IS428 AY2019-20T1 Parth Goda Rajesh
Contents
Background
Welcome to St. Himark! A fictional city that will is being used in this visual case study. It is a city of 19 neighborhoods, all of which have their unique characteristics and amenities. St. Himark has a population of 246,839 people, and it's located in the Oceanus Sea. It is also home to the world-renowned St. Himark Museum, beautiful beaches, and the Wilson Forest Nature Preserve. It is one of the best cities to raise a family and work. Always Safe Nuclear Power Plant provides the majority of the power in the city and jobs in the Safe Town. Mayor Jordan and the city council current govern the city.
The runs in the following utilities:
- Water and Sewage
- Road and Bridge
- Gas
- Garbage
- Power
There is always construction going on in the above utilities.
St. Himark is segregated into 19 neighborhoods:
- PALACE HILLS
- NORTHWEST
- OLD TOWN
- SAFE TOWN
- SOUTHWEST
- DOWNTOWN
- WILSON FOREST
- SCENIC VISTA
- BROADVIEW
- CHAPPARAL
- TERRAPIN SPRINGS
- PEPPER MILL
- CHEDDARFORD
- EASTON
- WESTON
- SOUTHTOWN
- OAK WILLOW
- EAST PARTON
- WEST PARTON
Problem - VAST challenge MC1
There was an earthquake northwest of St. Himark. It occurred between 6 April 2020 and 8 April 2020. The city's officials needed to collect data immediately to understand the extent of the damage. Then can then allocate resources efficiently to the areas of town where it's needed and dispatch their emergency services.
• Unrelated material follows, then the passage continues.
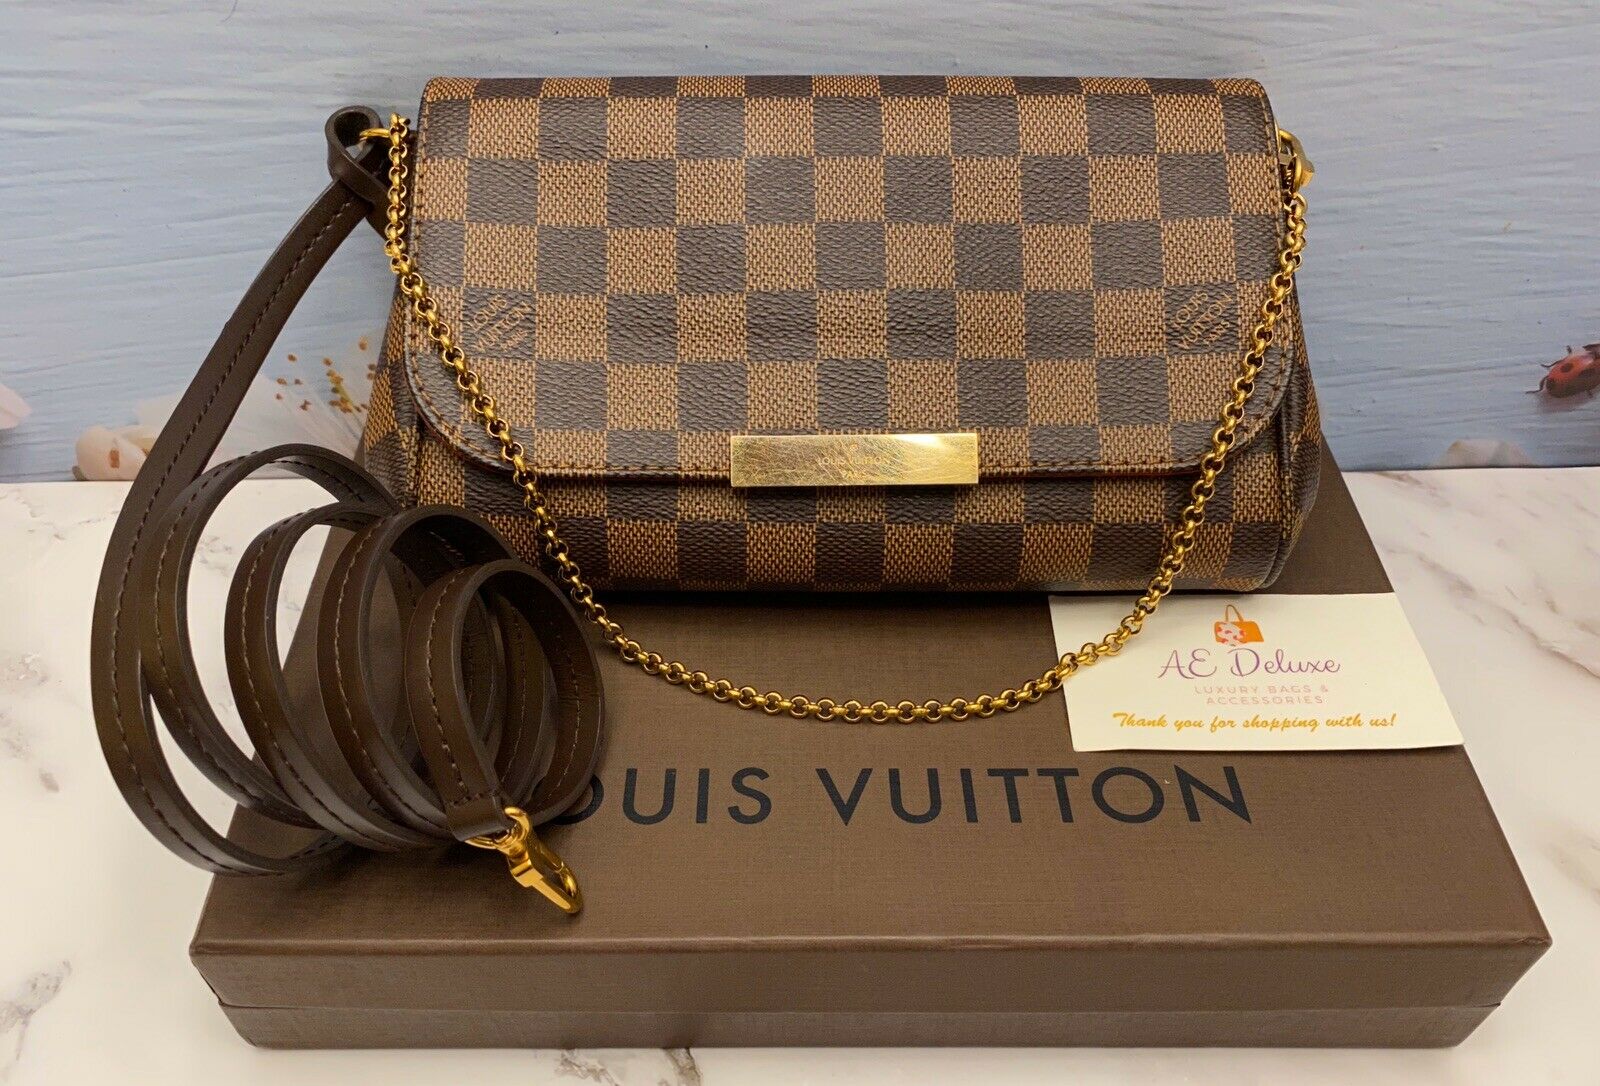 Authentic Louis Vuitton Damier Favorite PM 2Way Shoulder Bag

At first, they only have the seismic readings of the earthquake and used that for their first round of dispatch. Now, however, they need more information to get a better gauge of what is going on at the ground level.
Purpose
To gather the information, the city official's need. They launched an app where the citizens can report the intensity of shake and level of damage done to utility infrastructure. The officials can use this tool to record data provided by citizens. The citizens use the app to note down the level of damage seen on a utility/infrastructure building in a Neighbourhood. They can also record the shake intensity in the neighborhood. The data is stored every 5 mins. They may also be some data loss or delay due to power shortages.
With all this data, visualizations were created to understand the data faster. Recommendations and decisions can be churned out more quickly to get help to people faster.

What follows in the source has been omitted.